Abstract:Coordinating agents to complete a set of tasks with intercoupled temporal and resource constraints is computationally challenging, yet human domain experts can solve these difficult scheduling problems using paradigms learned through years of apprenticeship. A process for manually codifying this domain knowledge within a computational framework is necessary to scale beyond the ``single-expert, single-trainee" apprenticeship model. However, human domain experts often have difficulty describing their decision-making processes, causing the codification of this knowledge to become laborious. We propose a new approach for capturing domain-expert heuristics through a pairwise ranking formulation.

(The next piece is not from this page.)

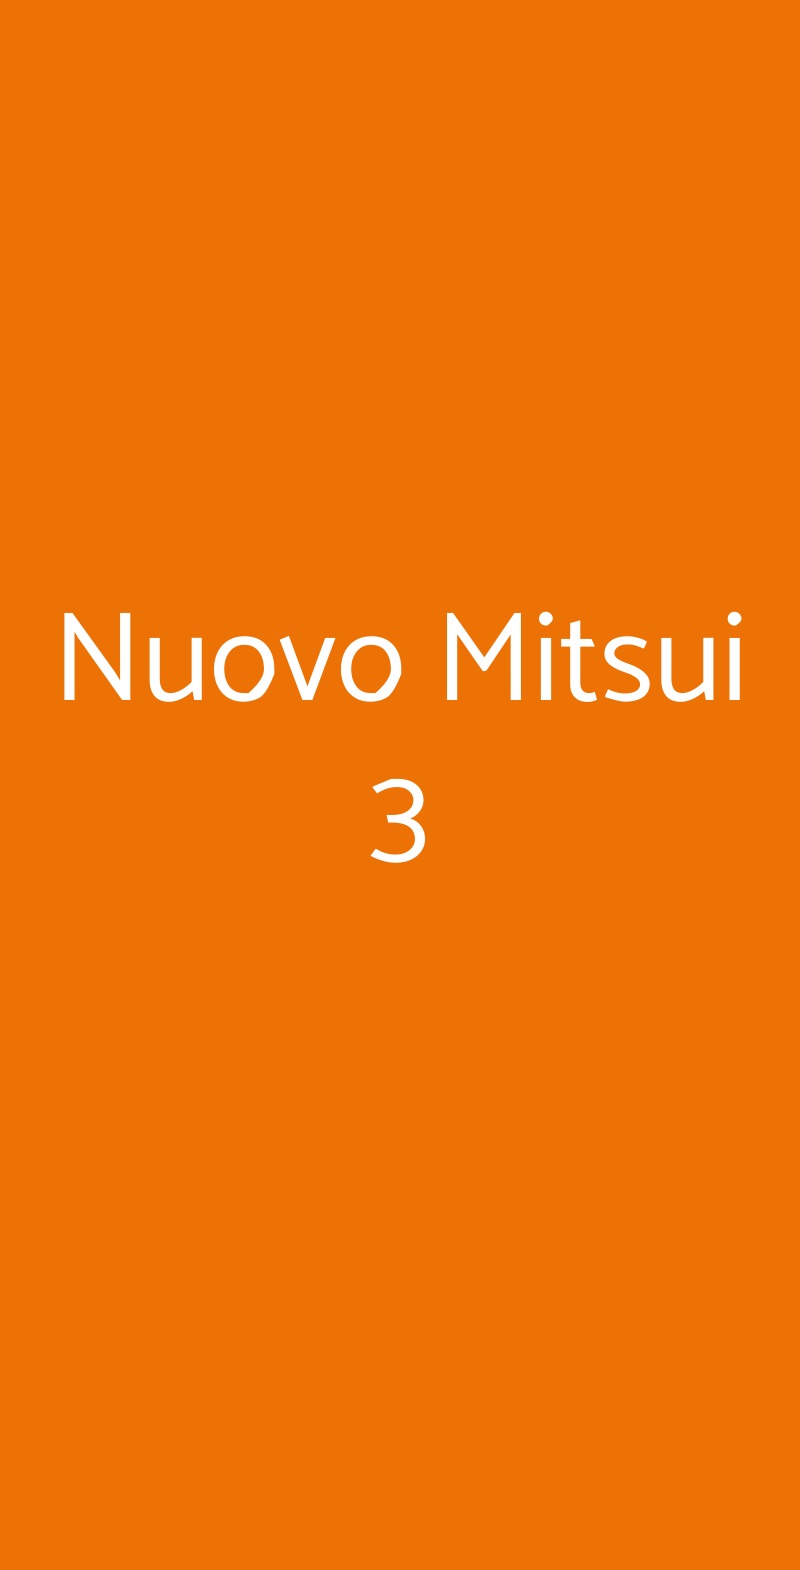 Nuovo Mitsui 3 Milano menù 1 pagina

Our approach is model-free and does not require enumerating or iterating through a large state space. We empirically demonstrate that this approach accurately learns multifaceted heuristics on a synthetic data set incorporating job-shop scheduling and vehicle routing problems, as well as on two real-world data sets consisting of demonstrations of experts solving a weapon-to-target assignment problem and a hospital resource allocation problem. We also demonstrate that policies learned from human scheduling demonstration via apprenticeship learning can substantially improve the efficiency of a branch-and-bound search for an optimal schedule. We employ this human-machine collaborative optimization technique on a variant of the weapon-to-target assignment problem. We demonstrate that this technique generates solutions substantially superior to those produced by human domain experts at a rate up to 9.5 times faster than an optimization approach and can be applied to optimally solve problems twice as complex as those solved by a human demonstrator.